The city of Kavala finally got its Holocaust Memorial over the weekend, more than a decade after it was originally planned and weeks after it was originally supposed to be unveiled.
Kavala and the ridiculous actions of its mayor, Dimitra Tsanaka, made international headlines a few weeks ago when she unilaterally cancelled the dedication of the unveiling of the city’s Holocaust Memorial— because it had a Star of David on it.
Tsanaka wanted the Star of David— the very symbol of these victims’ existence and the cause of their death— removed from the memorial.
The international outcry made a mockery of the mayor and sadly, her city, until she was forced to reschedule the ceremony, which took place on Sunday, June 7th.
But the damage had already been done.
“How can it be that the eternal symbol of the Jewish people — the very symbol that the Nazis required Jews to wear in the death camps and ghettos of Europe during the Second World War — is deemed unfit for public display in Kavala?” The American Jewish Committes’s executive director, David Harris, said in a statement.
“The mayor and the City Council have insulted the memory of victims, the Greek Jewish community, and Jews around the world, and we join with the Greek Jewish community in voicing our outrage,” Abraham Foxman, the Anti-Defamation League’s national director, said in a statement.
The story about the Greek city that didn’t want a memorial for its own Holocaust victims went viral and dozens— perhaps hundreds of newspapers and blogs around the world picked it up.
Why wouldn’t they?
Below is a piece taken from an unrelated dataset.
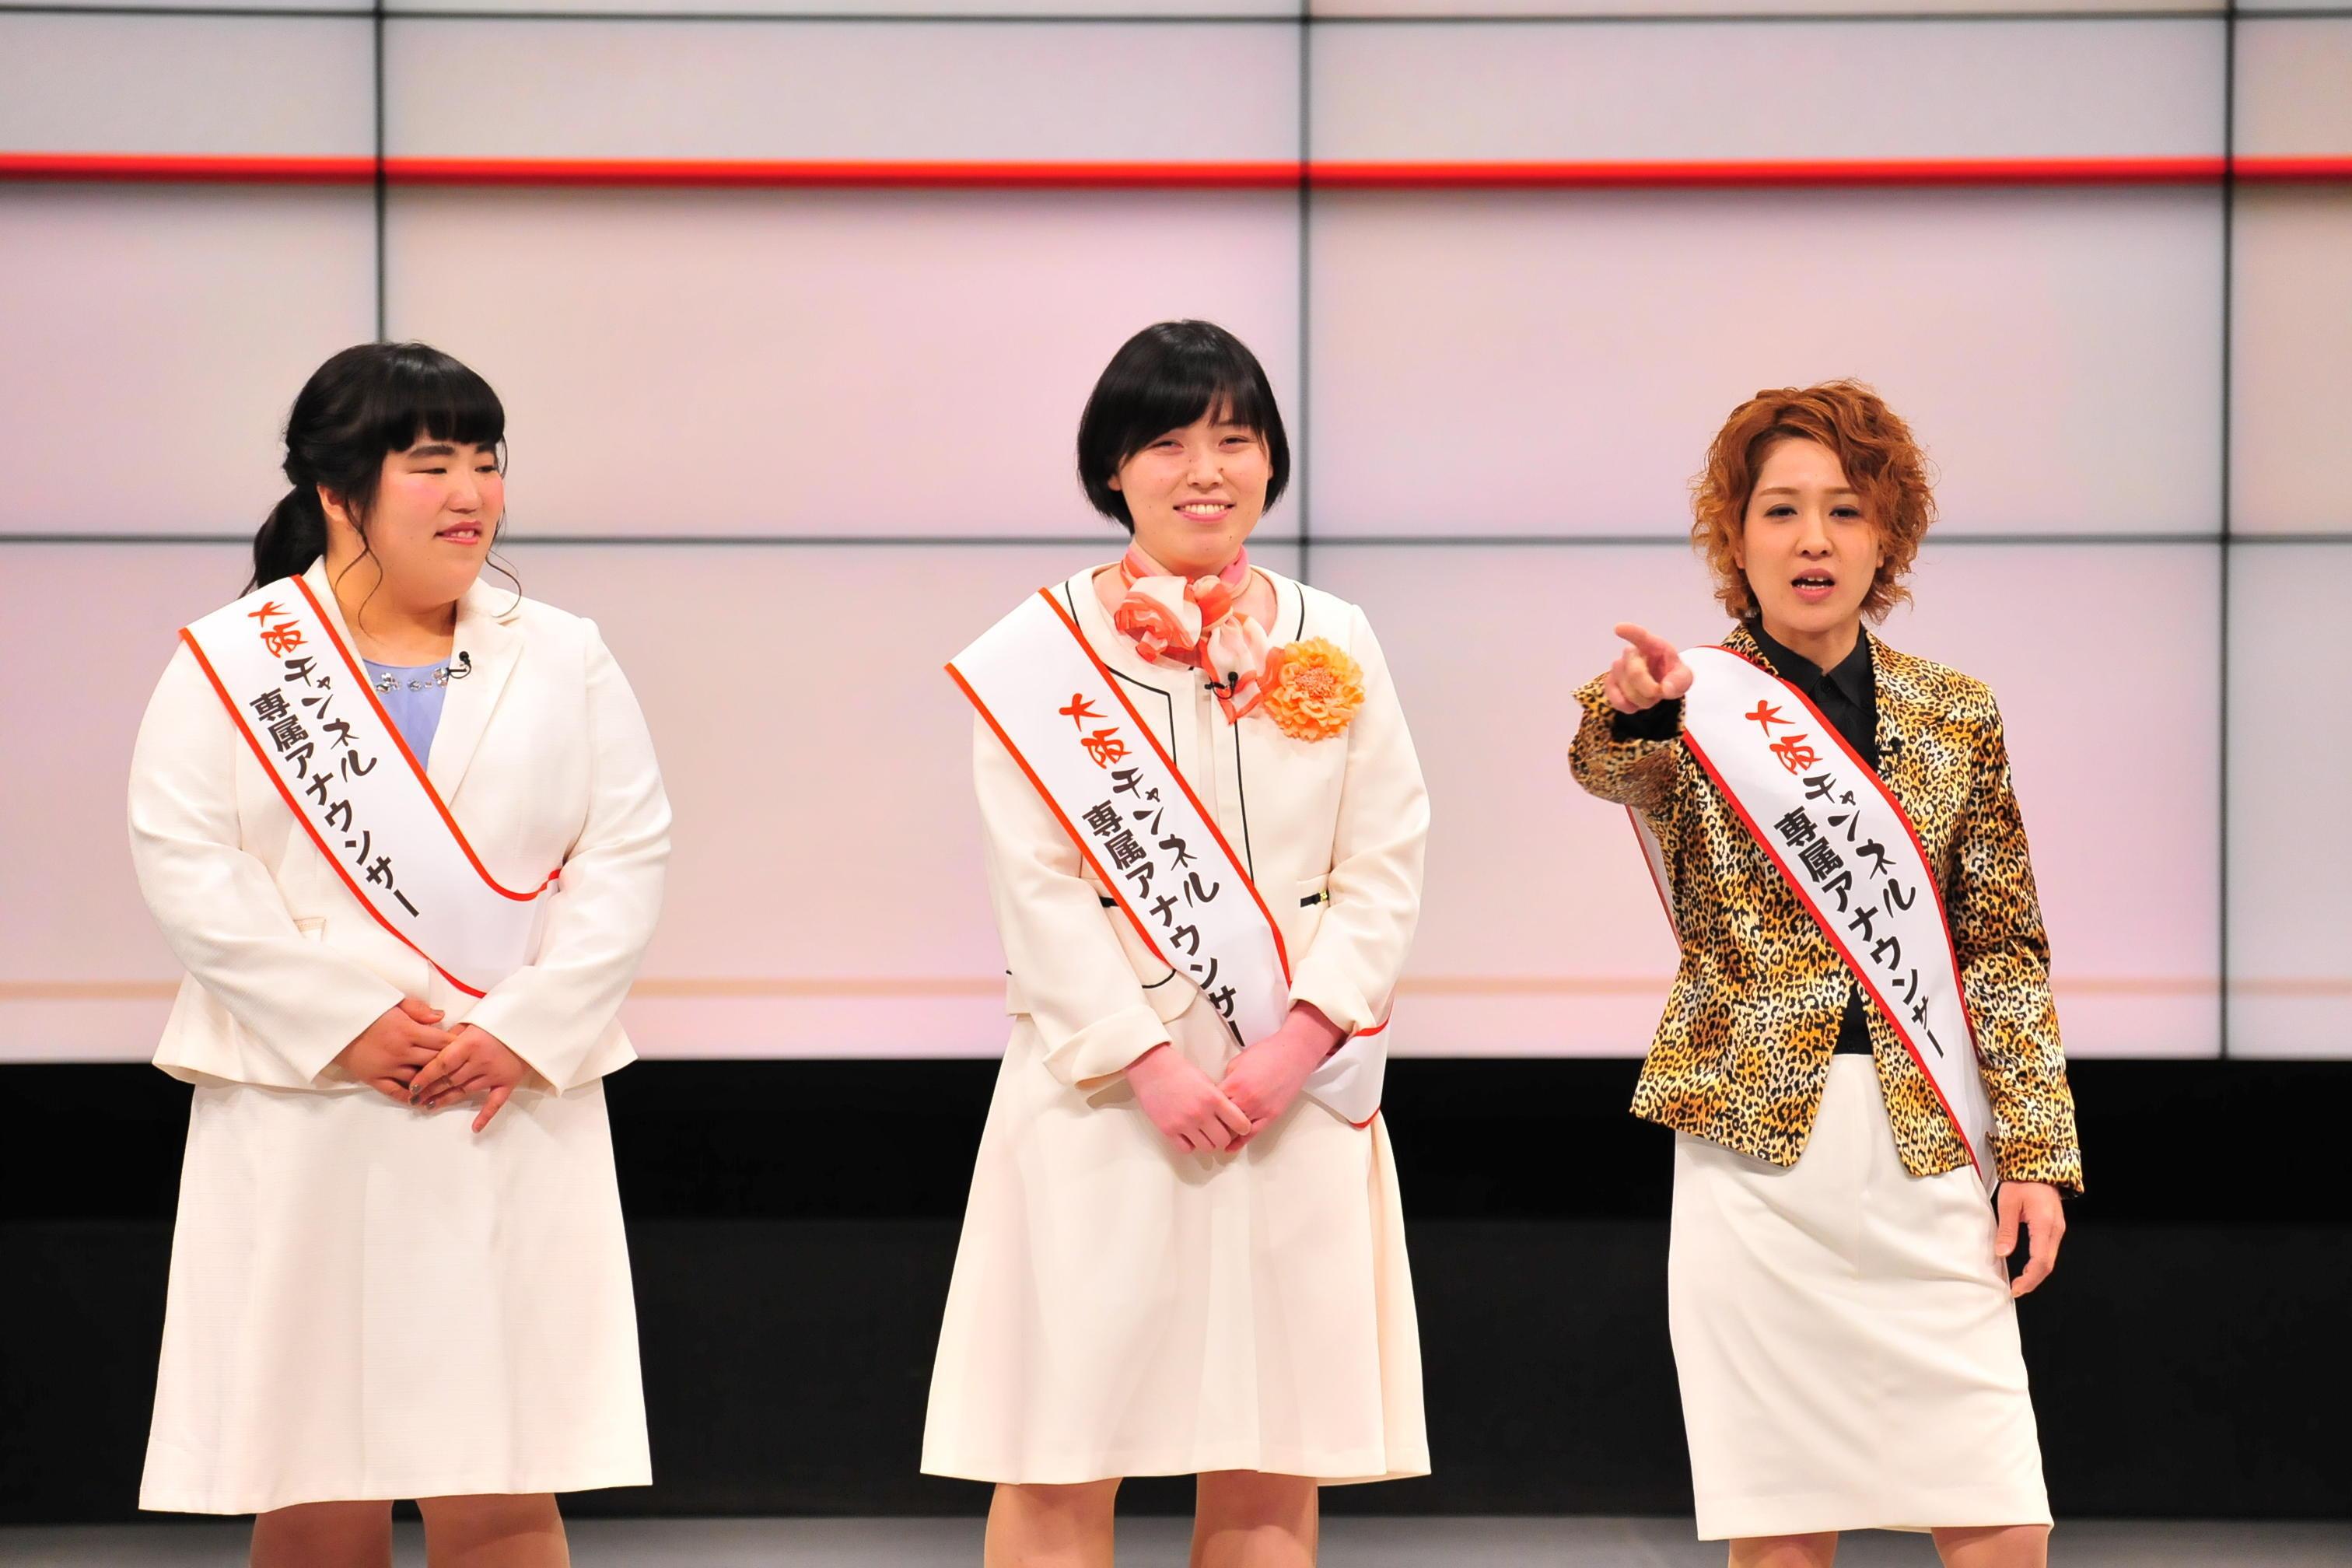 http://news.yoshimoto.co.jp/20170425161340-337ddf7b97d817d4a01ddb491b854b6edd7cb22b.jpg
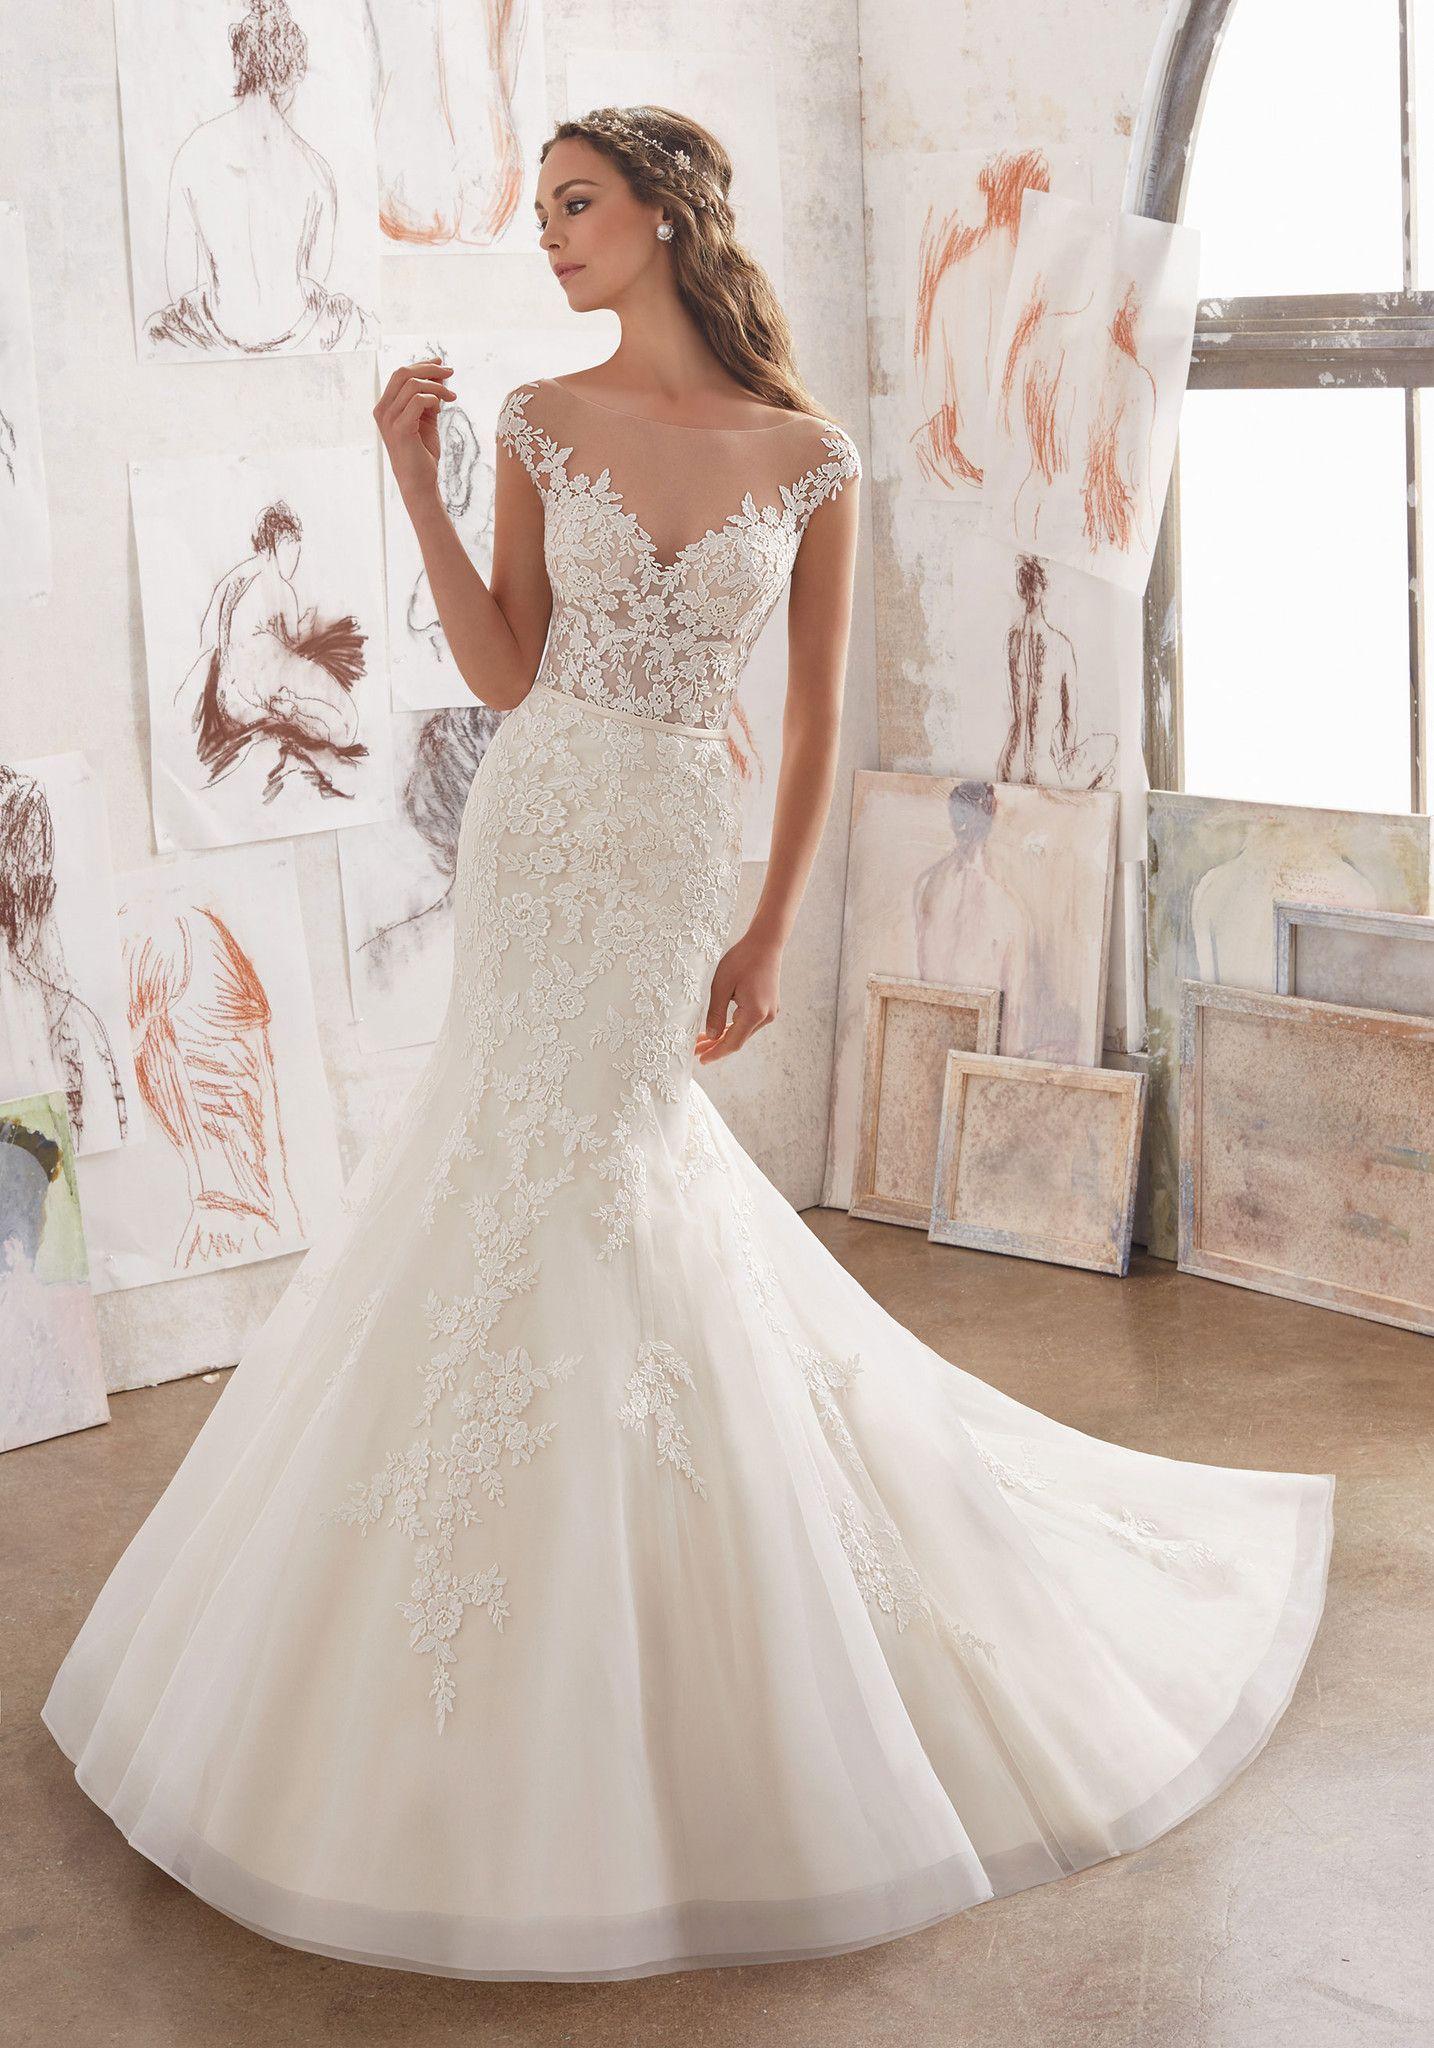 Blu - Martha - 5509 - All Dressed Up, Bridal Gown | Bridal gowns ...

The ridiculousness of a mayor not wanting a Star of David on a Holocaust Memorial would be akin to someone telling a Christian to leave off the cross from their tombstone, or telling a US veteran who died for his country to be buried without a US flag on his or her memorial.
The memorial commemorates the 1484 Greek residents (who happened to be Jews) who were deported and transported to their deaths in 1943 to the Treblinka extermination camp— because they were Jews.
One of the benefactors of the memorial, Mr. Viktor Venouziou, said it the best:
«Οι Εβραίοι πήγαιναν στα κρεματόρια με το άστρο του Δαβίδ, όχι με γούνες κι αυτό οφείλει να το γνωρίζει η δήμαρχος…».
“Jews were transported to the crematoria wearing the Star of David— not wearing furs— and the mayor should know this.”
The mayor blamed her vice mayor Michalis Lychounas for the “misunderstanding” and in typical political fashion, passed the buck on him. But Lychounas fought back, writing a stinging opinion piece in Greece’s Kathimerini and highlighting more than a decade of foot-dragging by local authorities and intentional delays.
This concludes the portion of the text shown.